* _Brief_
From the first line of the data down to and including the line with "View from above", copy everything exactly, leaving out pictures.

* _Provided material_
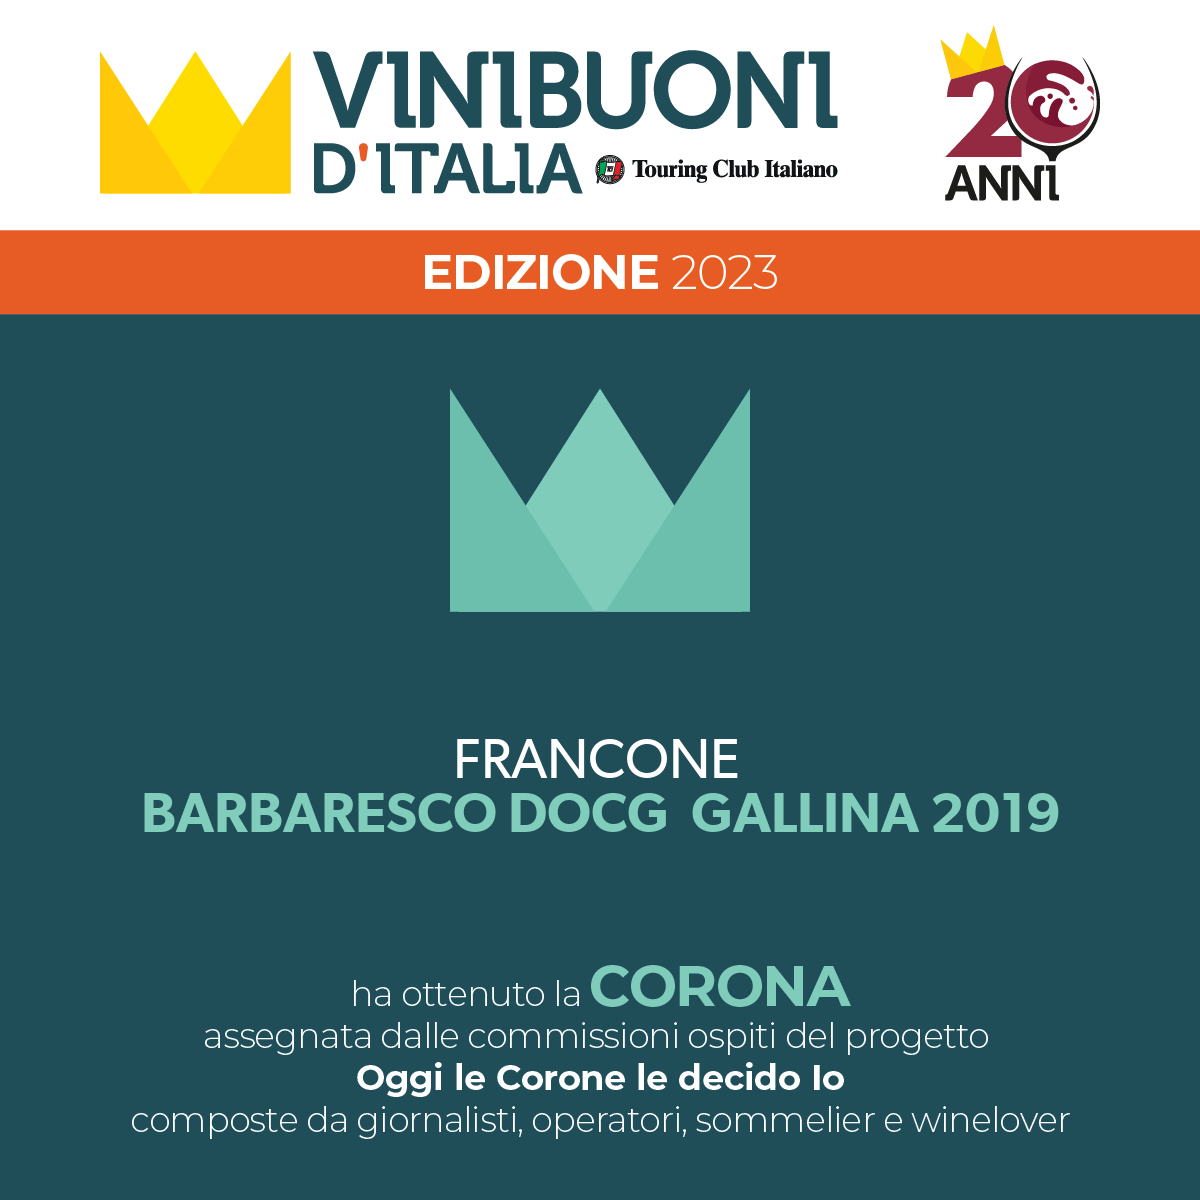 Two Crowns for our Barbaresco Gallina 2019
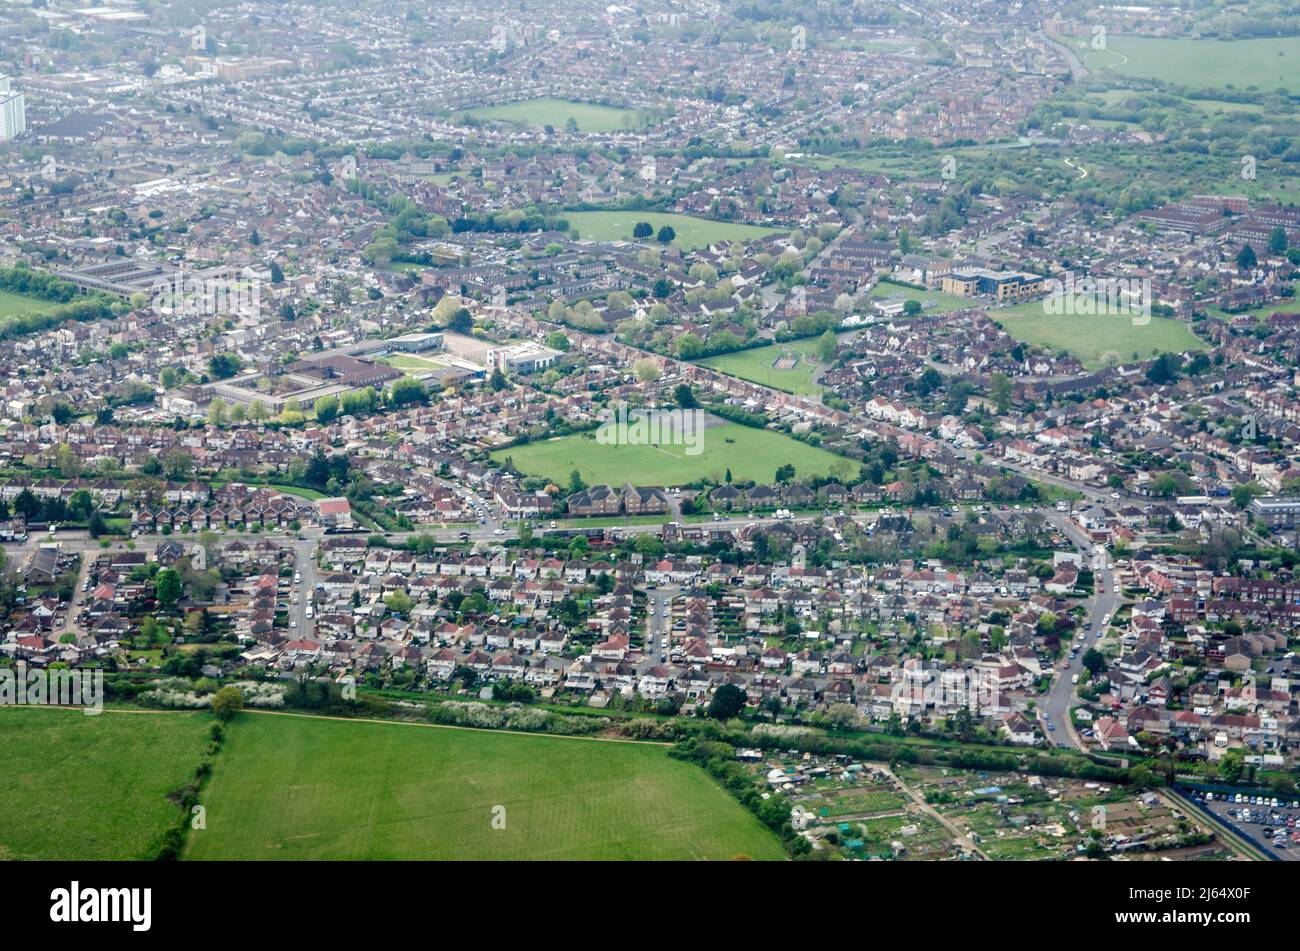 View from above of the London suburb of Feltham.  Towards the centre are the Feltham Arenas Parklands with various sport facilities and towards the le Stock Photo
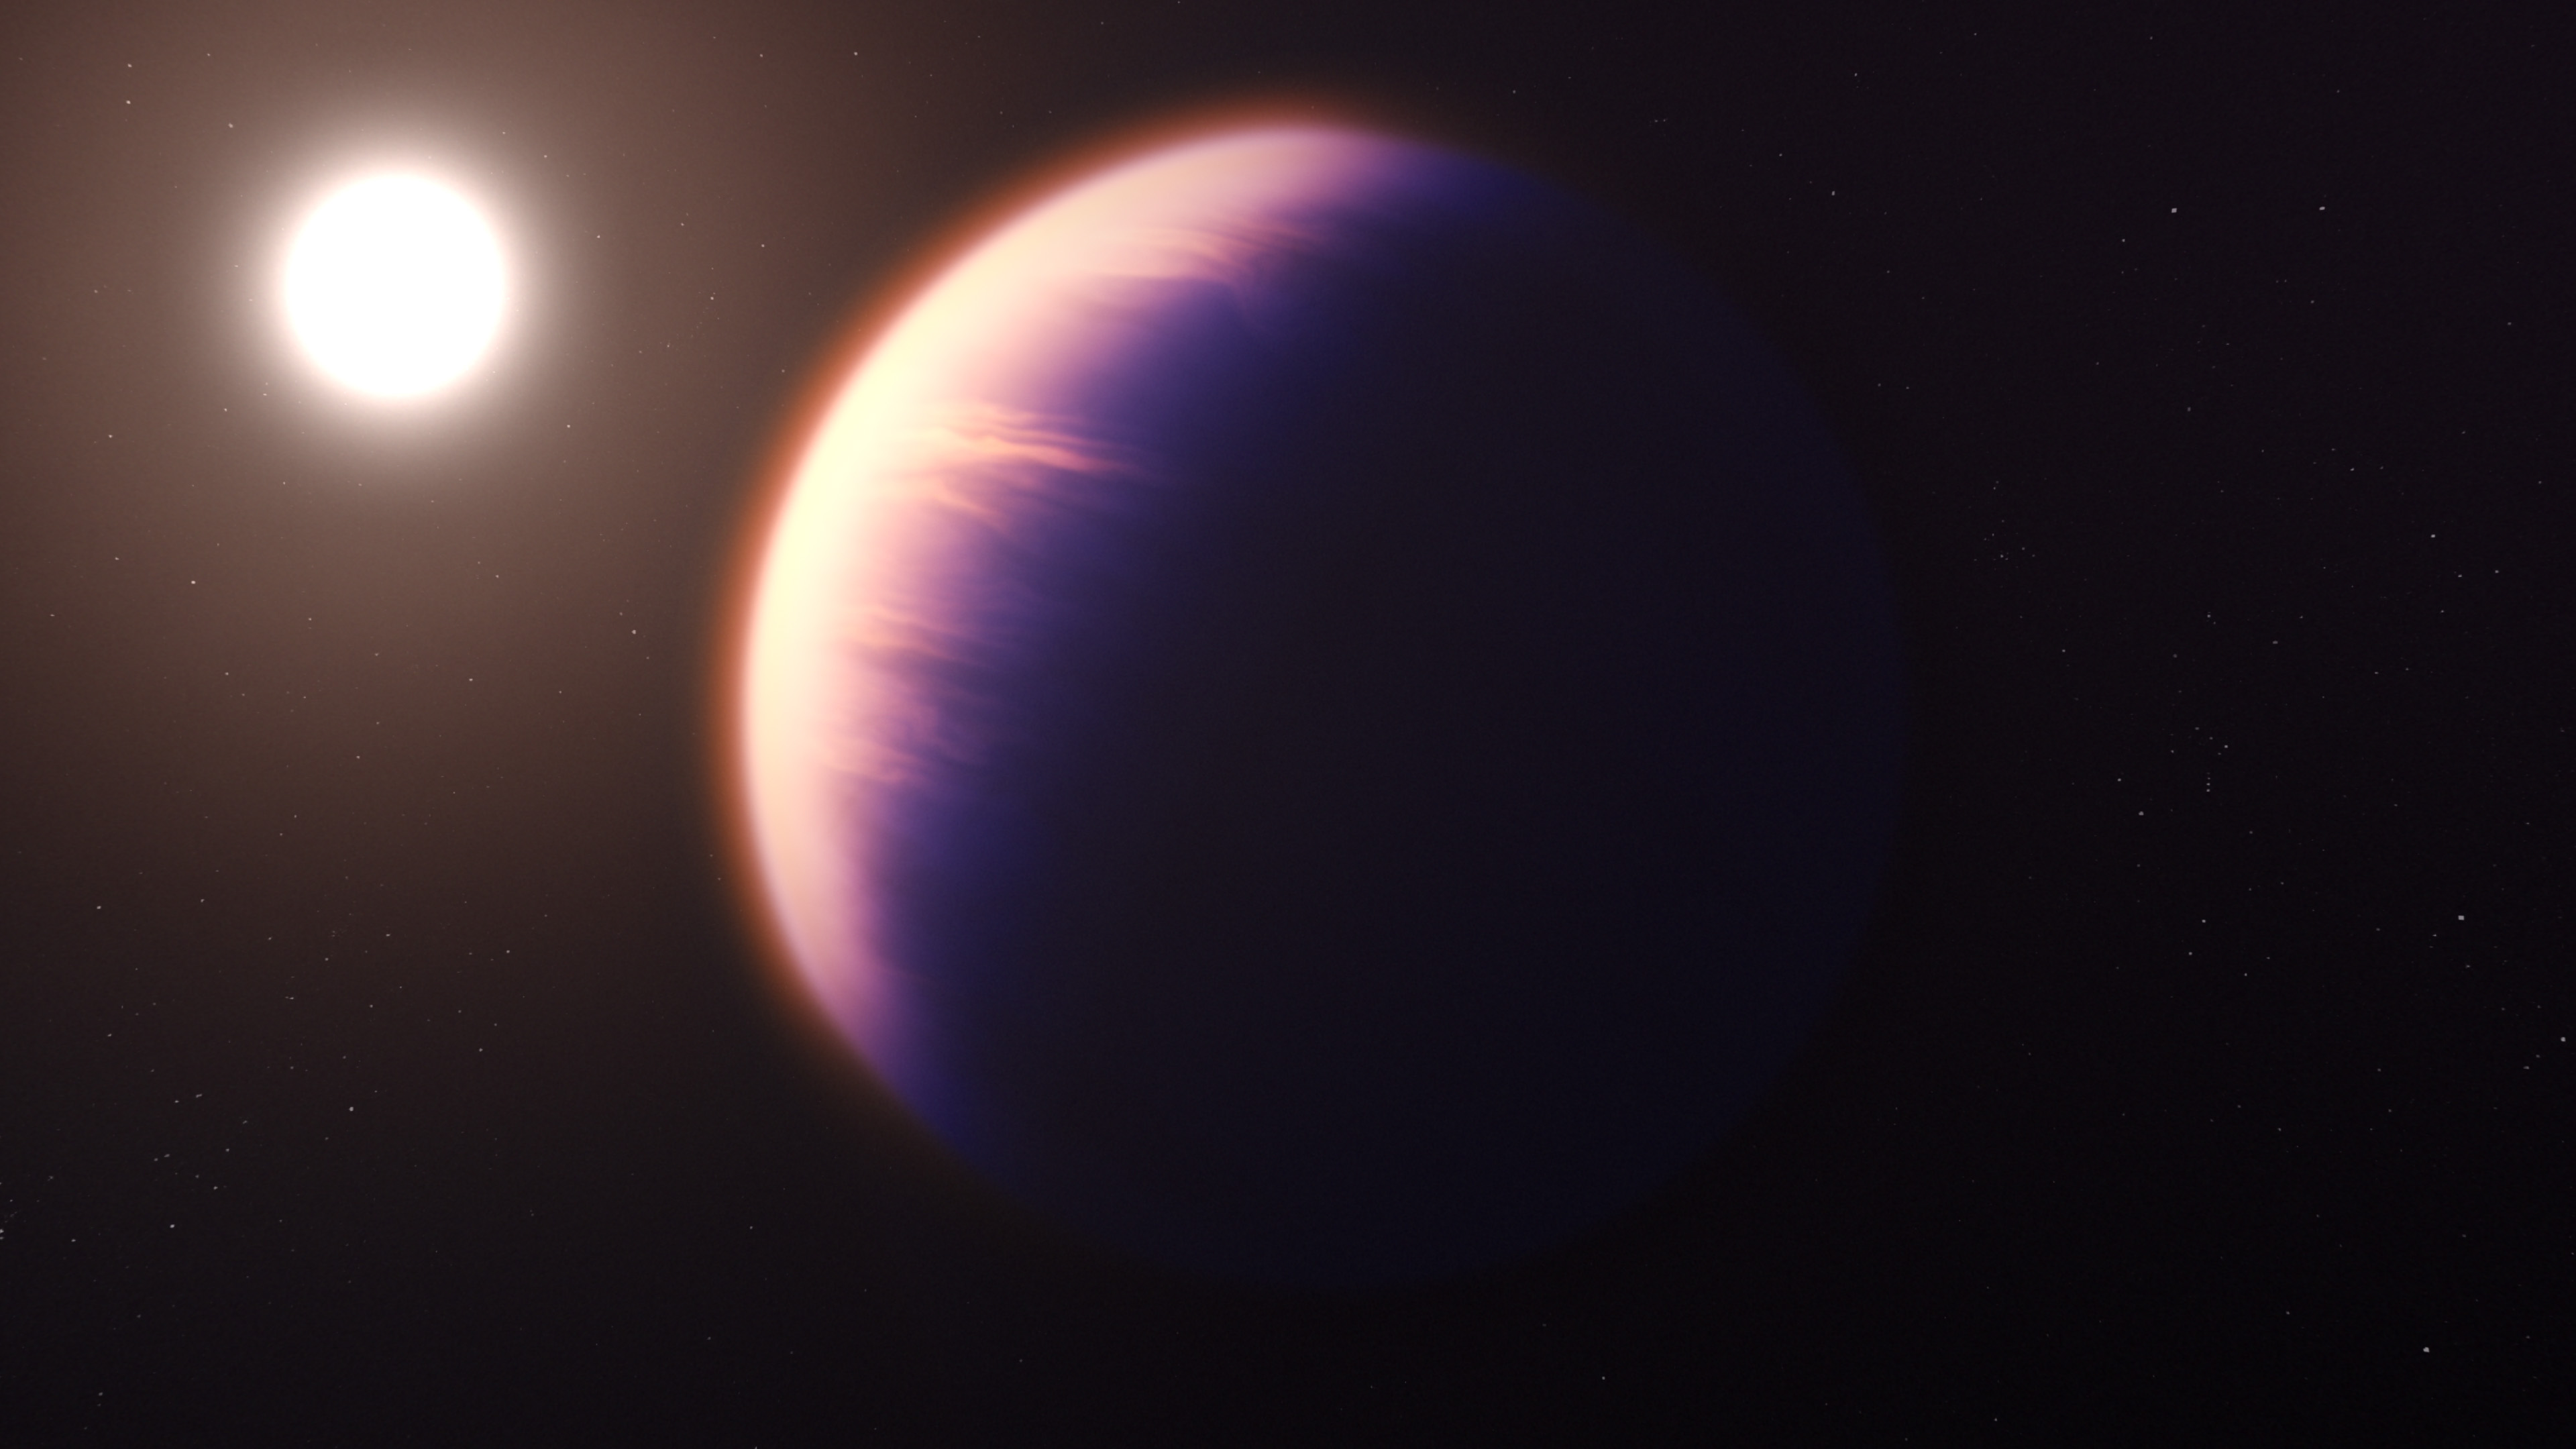 This illustration shows what exoplanet WASP-39 b could look like, based on current understanding of the planet. Data collected by JWST’s Near-Infrared Spectrograph (NIRSpec) shows unambiguous evidence for carbon dioxide in the atmosphere, while previous observations from NASA’s Hubble and Spitzer Space Telescopes, as well as other telescopes, indicate the presence of water vapor, sodium, and potassium. The planet probably has clouds and some form of weather, but it may not have atmospheric bands like those of Jupiter and Saturn.This illustration is based on indirect transit observations from JWST as well as other space and ground-based telescopes. JWST has not captured a direct image of this planet
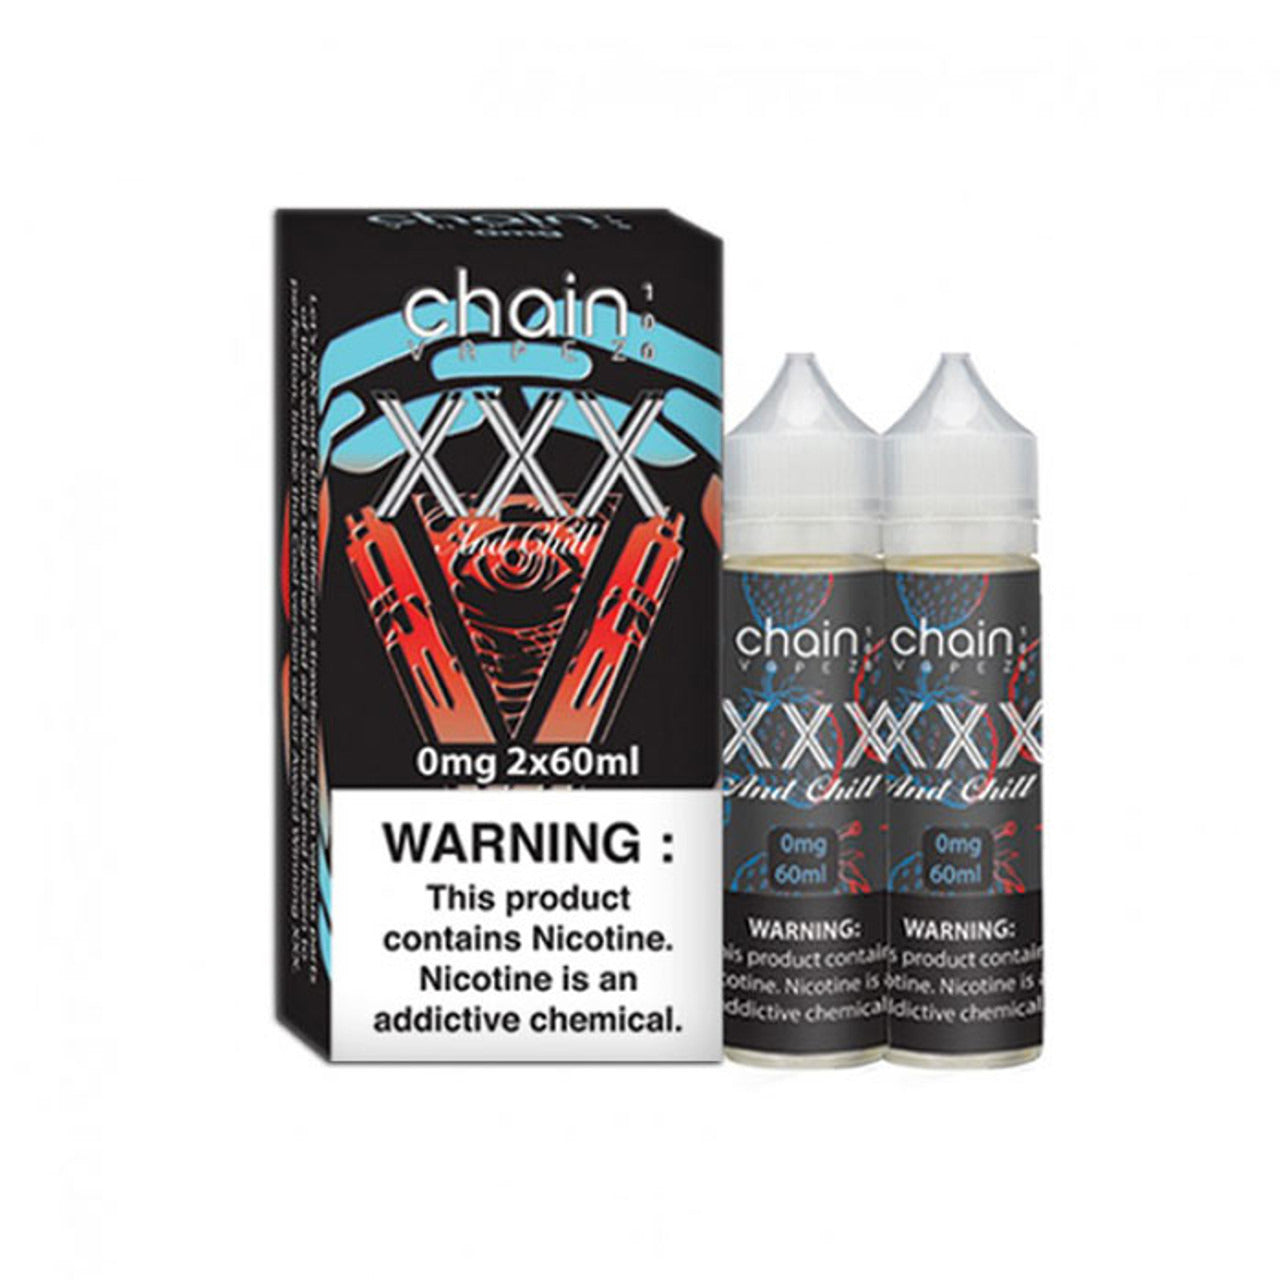 XXX and Chill by Chain Vapez 120mL (2x60mL) with Packaging

* _Solution to this problem_
 Two Crowns for our Barbaresco Gallina 2019
 View from above of the London suburb of Feltham.  Towards the centre are the Feltham Arenas Parklands with various sport facilities and towards the le Stock Photo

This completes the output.